Enrico Maso, translated into English by Ruth Stephens
Chapter 1 – The Seeds of Doubt
Milan, on a fine summer’s day. It’s still early but already very hot. Gianni, who is fifty years old, is standing at the window with a cup of coffee in his hand. He sighs.
A noise behind him stirs him out of his daydream. Nebo, his dog, has come into the kitchen. He’s a hunting dog, with a black coat which is beginning to show signs of grey.
The dog looks at him hopefully. He’s carrying his leash between his teeth.
“Don’t even think of it,” Gianni tells him, “You know dogs aren’t allowed at Expo. It must be the tenth time I’ve told you.”
Nebo, disappointed, stretches himself out on the floor while Gianni collects the tools of his trade: notebook, pen – that’s all that’s necessary for a good article.

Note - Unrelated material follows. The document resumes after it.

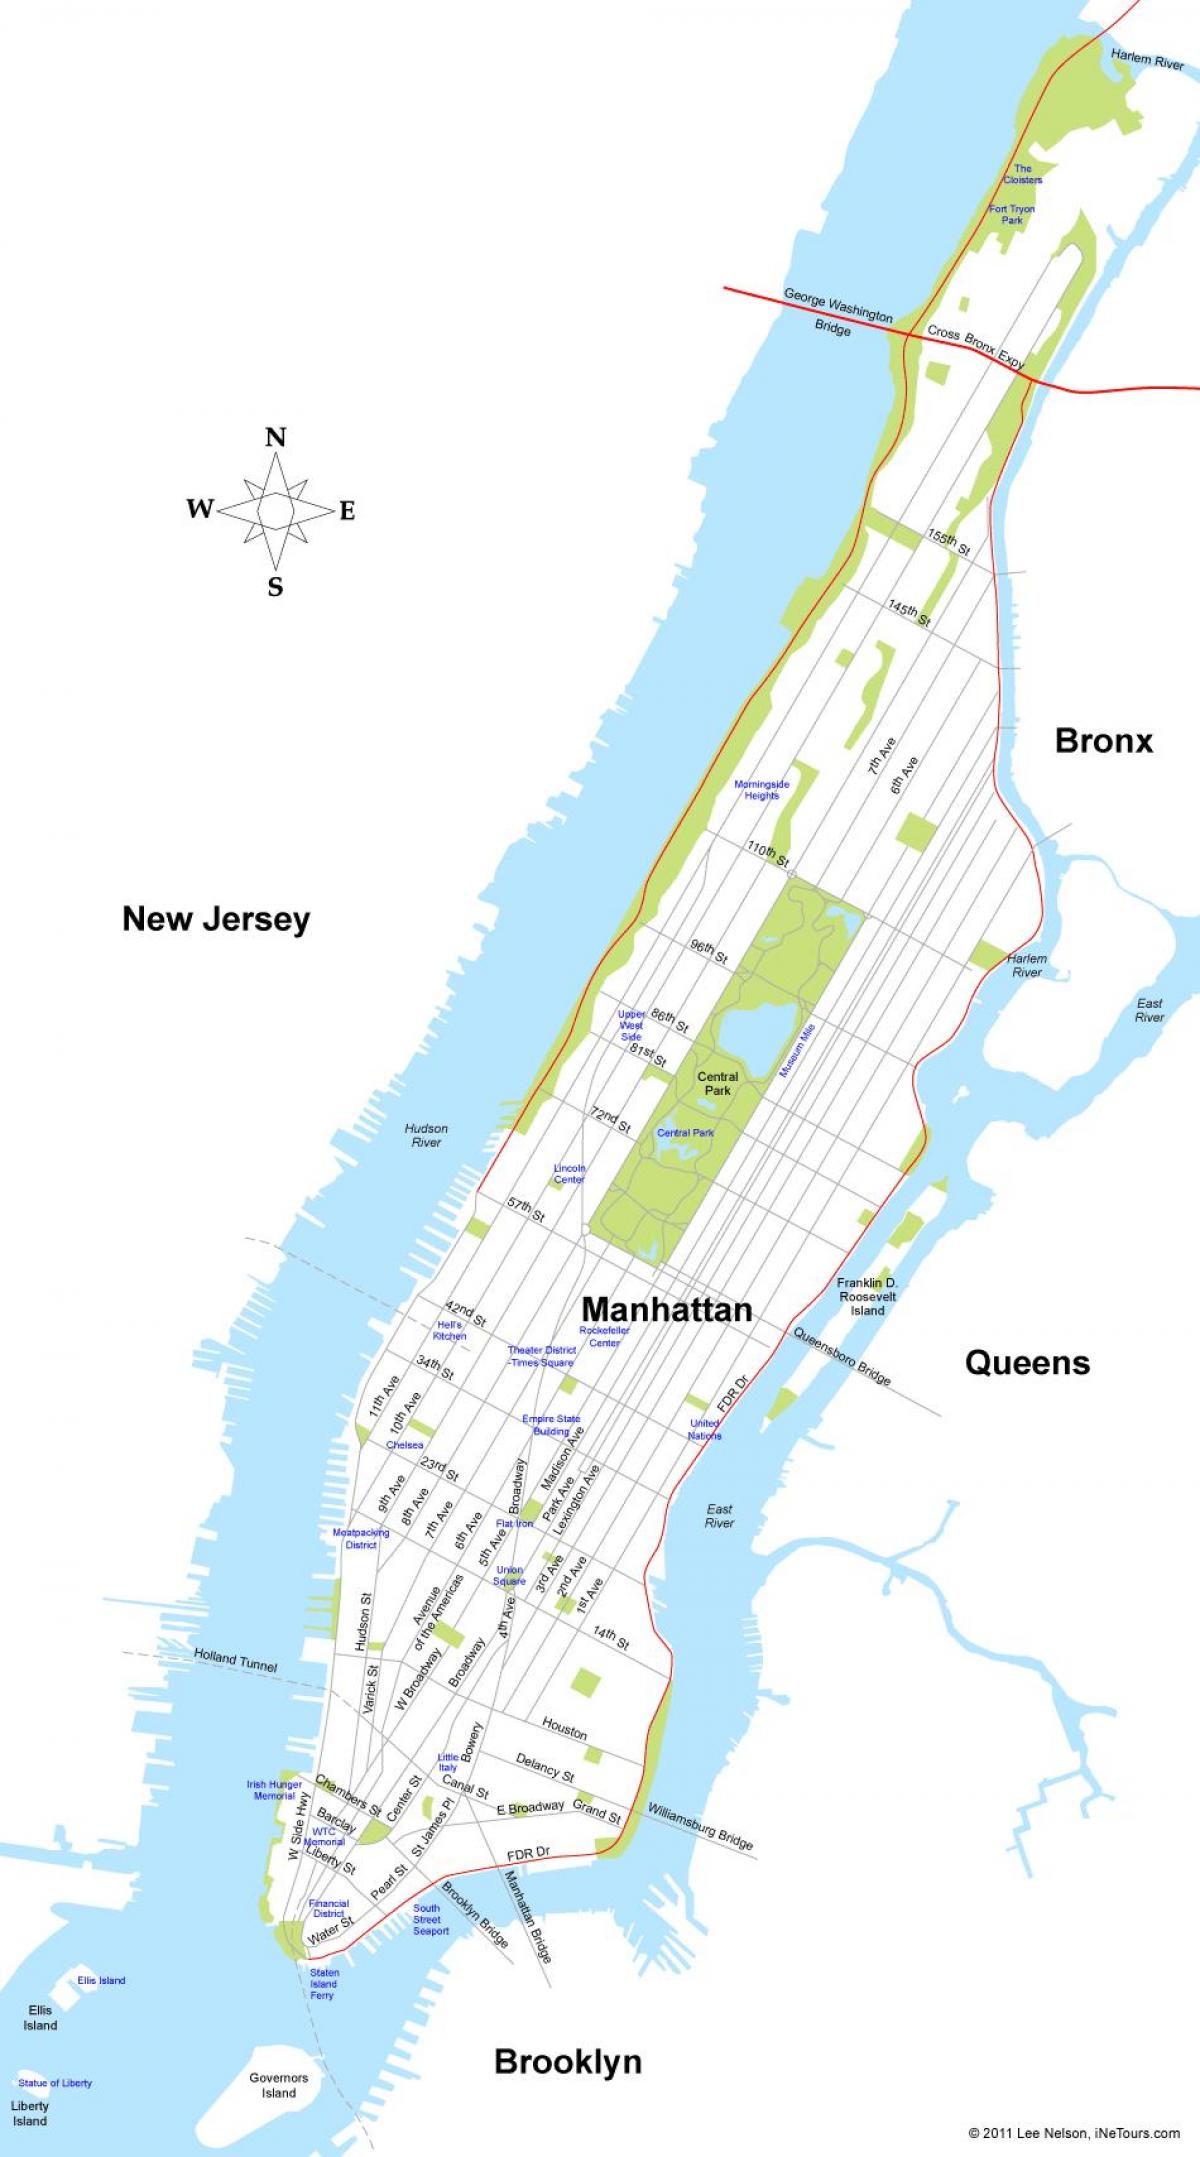 bản đồ của đảo Manhattan, New York

As well as being a journalist, Gianni is also a well-known gastronome, so his paper often sends him to Expo to cover the show.
“Don’t look at me with those sad eyes,” says Gianni, leaning down to stroke Nebo. “You really are a useless dog,” he laughs, and turns to leave.
After queuing for a while, Gianni gets into Expo where he finds himself in the middle of a crowd.
There are people moving this way and that, children running everywhere, and signs everywhere with the cliché’ “feed the planet”. Gianni doesn’t really know what that means.
“Is it just another fashion?” he wonders. He has learned, in the course of his work, that people say one thing but in reality do the opposite, like the people who talk about slowfood while devouring a hamburger.
Whilst preparing his article in the restaurant of one of the exhibitions, Gianni decides that at the next editorial meeting he will propose a thorough journalistic investigation into the slowfood movement. He has already decided that the title should be: “Slowfood: movement or passing fad?”